Because of the sensitivity of air and fuel mixing and staging for burners 9 ppm and lower, more time is needed for stabilization when changing load. If there are major swings in campus demand, consider base loading boilers (if possible). Otherwise, expect a little more offset and lag in header-pressure control.
With FGR in the flue-gas stream, the temperature through the combustion-air fan, through the duct, and into the windbox is elevated. Burners designed for 30 ppm and higher generally have combined temperatures low enough that insulation is not required for personnel protection. At 9 ppm and lower, insulation becomes a consideration.
Generally, burners 9 ppm and lower must have fresh air above a certain temperature to prevent water vapor from condensing out of the FGR; otherwise, liquid water will fill up the windbox. A steam-coil air preheater is required to heat fresh air during colder months. An air preheater, however, adds air pressure drop and maintenance requirements. An outage of the air preheater means the burner cannot be fired when it is needed most.
How Low Do You Need to Go?
Knowing the extent to which you need to reduce NOx, which is dependent on your geographic location, the size of your equipment, and how much fuel you burn, is important. Seeking professional help from firms experienced with your state’s laws as well as federal requirements is highly recommended.
A new boiler’s NOx emissions may be limited to a 12-month rolling peak. When the primary demand is for heating, fuel-input requirements relate heavily to ambient temperature.

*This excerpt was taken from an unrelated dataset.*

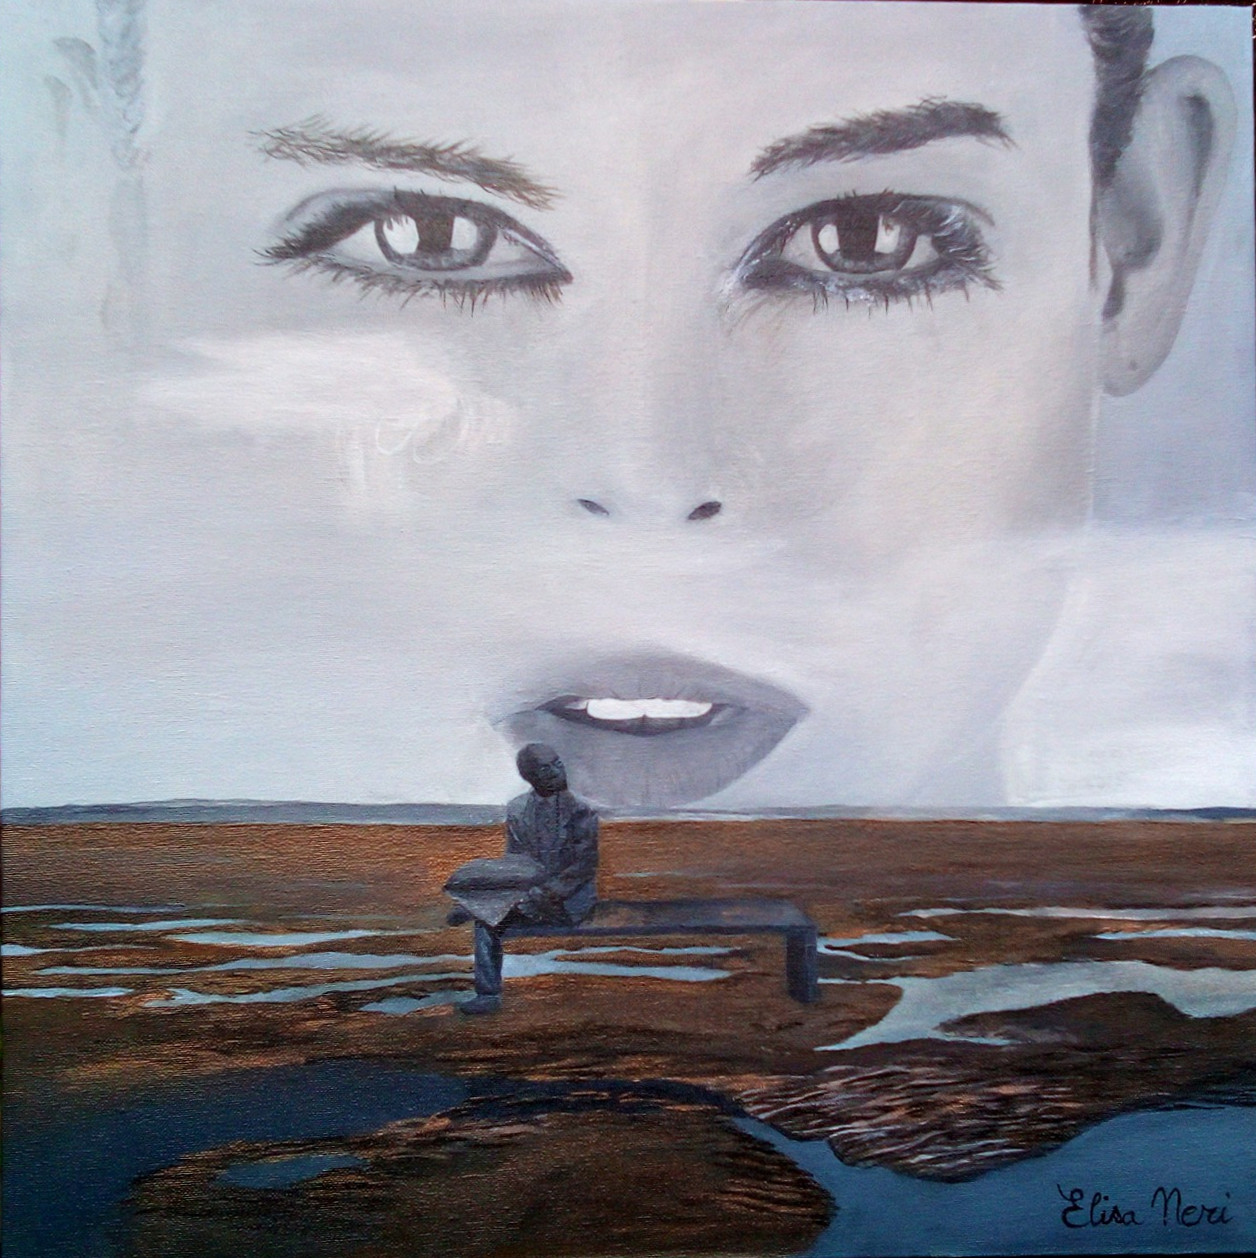 I will wait for you - painting by Elisa Neri

Relative demand is extremely low during summer, almost immediately dropping the annual potential fuel fired to 75 percent or lower.

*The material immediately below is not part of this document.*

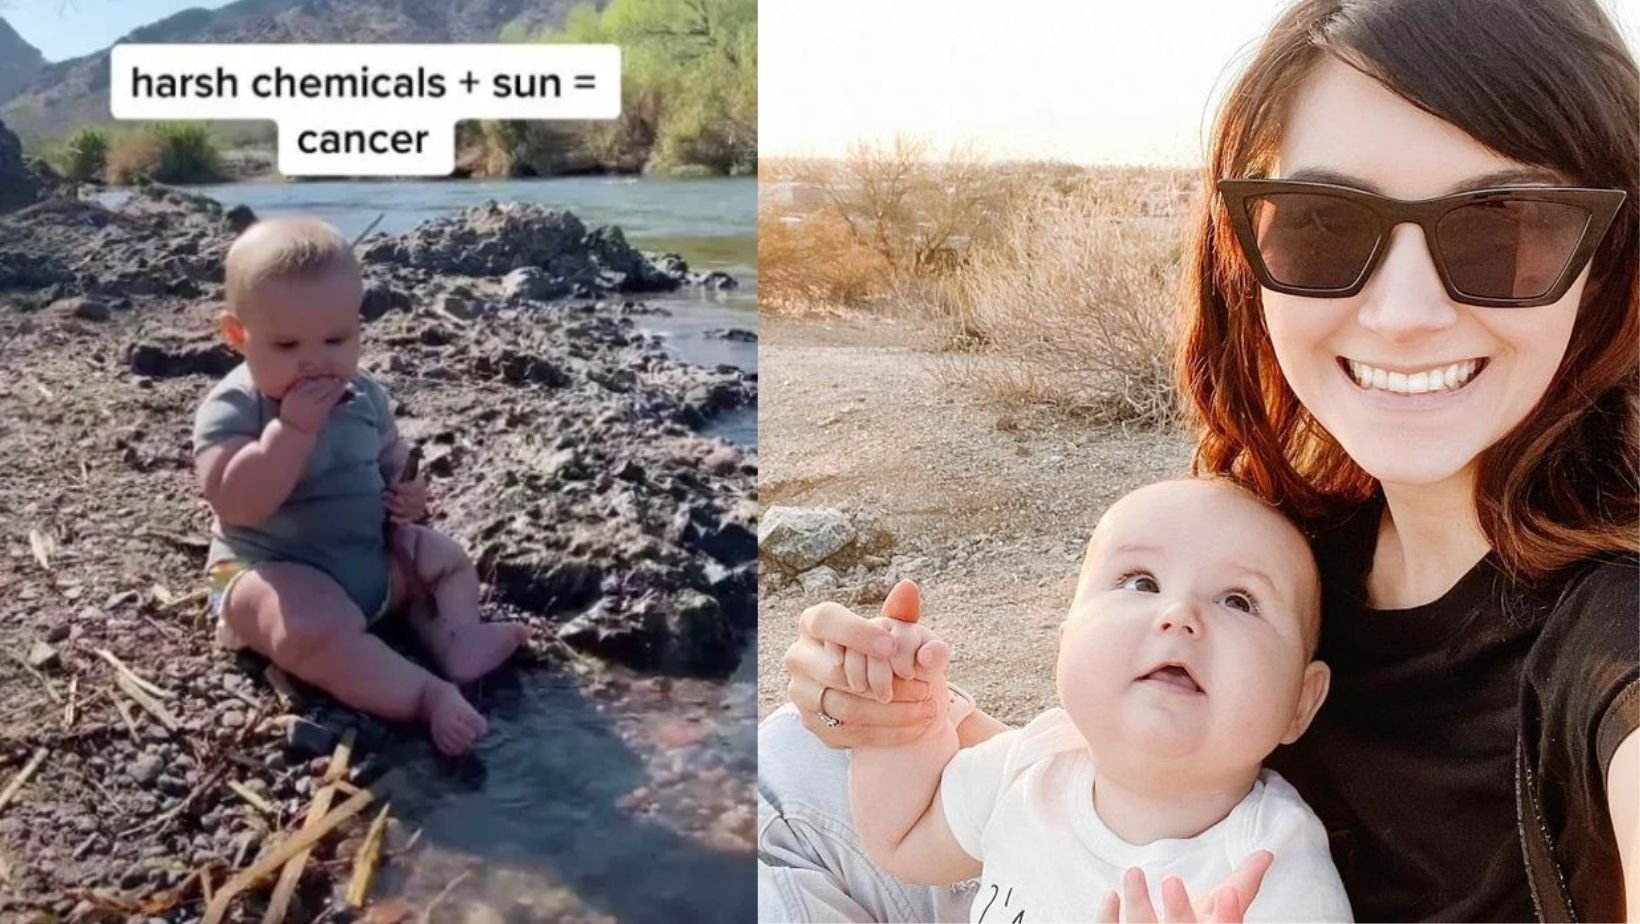 1 115.jpg?resize=1200,630 - Vegan Mom Slammed Online After Saying She Does Not Put Sun Cream On Her Baby Because Of It’s Harsh Chemicals

Note that emissions guarantees from burner manufacturers generally are in the 4-to-1 turndown range, although a burner may be able to operate at 8-to-1 or even 10-to-1. Make sure the state agency writing the permit understands the operational limits of your burner. You do not want to get stuck operating a burner with a turndown capability of only 4-to-1.
One last thing regarding air-permit applications: Be careful specifying emissions limits based on literature from a burner manufacturer. Leave a cushion. If a manufacturer is guaranteeing 9 ppm, place that in the boiler/burner-purchase specifications, but try to have the air-permit restrictions based on something a little higher, such as 11 ppm. This will give plant operators some breathing room, allowing them to continue operating while planning for tuning if parameters start to get loose.
Whether you have a burner that fires natural gas and you need to reduce NOx emissions or a burner that fires oil and you need to add gas firing, the best place to start is the original burner manufacturer, who is best able to advise you as to your options. Other manufacturers may have to invest some level of engineering.
Retrofits of coal-fired boilers must be evaluated on a case-by-case basis. Most furnaces are relatively tall, but skinny compared with D-style boilers. Multiple burners usually are required to maintain similar heat output. Burners can be placed on the sides in configurations that allow the coal grate, which can be packed down with sand and refractory, to stay. Burners also can be located at the bottom pointing upward. In some cases, overfire air fans can be re-used to reduce NOx emissions. Thirty ppm for coal retrofits is achievable. Going lower is possible for some configurations.
1) EPA. (1995). Compilation of air pollutant emission factors, volume i: Stationary point and area sources. Research Triangle Park, NC: U.S. Environmental Protection Agency.
Vince Basilio, PE, CEM, is an associate with RMF Engineering Inc. For nearly 20 years, he has been the lead design engineer for dozens of industrial and institutional steam- and cogeneration-plant renovations and expansions. His work for RMF has taken him to areas of the United States with some of the most stringent NOx-emissions regulations. He has a degree in mechanical engineering from the University of Delaware. He can be reached at email@example.com.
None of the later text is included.